Difílcilmente tu hijo va a seguir las reglas que pongas en casa si no le ofreces algo a cambio. Es verdad: motivar a tu hijo necesita una recompensa. 

Sin embargo, esto no significa que tal recompensa o motivación deba ser material. En el libro El cerebro del niño explicado a los padres , el Dr, Álvaro Bilbao aclara que los refuerzos que realmente sirven a los padres se relacionan con el reconocimiento, tiempo y cariño, no con lo material y la comida:

«Evita ofrecer a tu hijo recompensas o premios a cambio de su compotamiento
y, por el contrario, ayúdalo a sentirse satisfecho
cuando hace lo que le pediste o se porta adecuadamente». 

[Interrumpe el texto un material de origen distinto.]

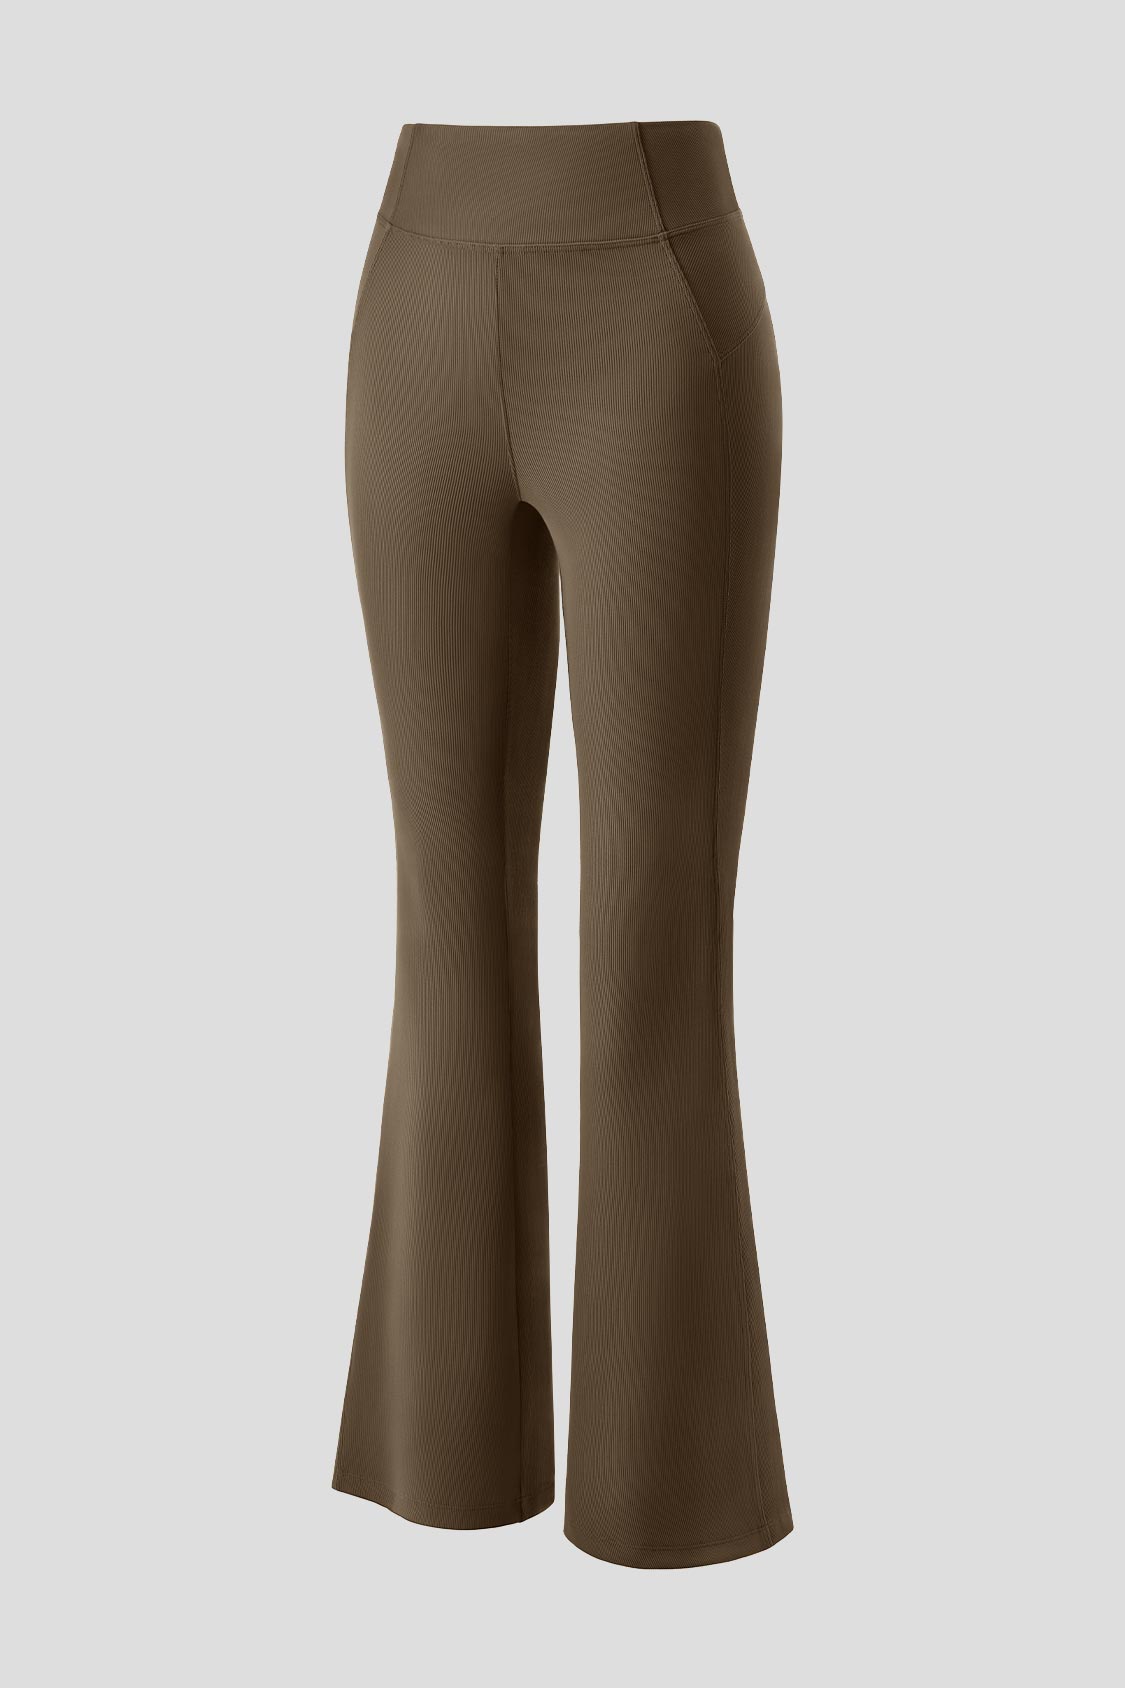 BeQueen Addictive Leggings - Chocolate Brown – BeQueenSportswear

Motívalo a seguir las reglas

  1. Recompénsalo cuando notes un progreso en su comportamiento, una nueva actitud nueva y positiva; cuando repare un error o quiera compartir un juguete o su comida por que así le nació.
  2. Dale su recompensa inmediata a la acción positiva que veas; así su cerebro asociará su conducta reciente con la recompensa (un abrazo o un gracias): «oh, esto es lo que mami quiere que haga y por ello me da su amor».
  3. Divide por metas chiquitas y recompensas chiquitas un objetivo mayor; es generarle pequeñas satisfacciones, además de constancia y la virtud de la paciencia; esto lo ayudará también a conseguir metas a largo plazo cuando adulto. Por ejemplo, si quieres que ponga su rops en el cesto, haz un calendario y cada día que sí lo haga, pon un carita feliz en la fecha, o en su frente, o dale el beso del «bien hecho, amor».
  4. Recompensa el cambio. No esperes a que tu hijo tenga la conducta correcta para recompensarlo; motívalo cuando haga las cosas un poquito mejor o un porquito menos mal que los días anteriores. Y dile: «que vayamos a caminar juntos es porque hoy no molestaste a tu hermano», por ejemplo.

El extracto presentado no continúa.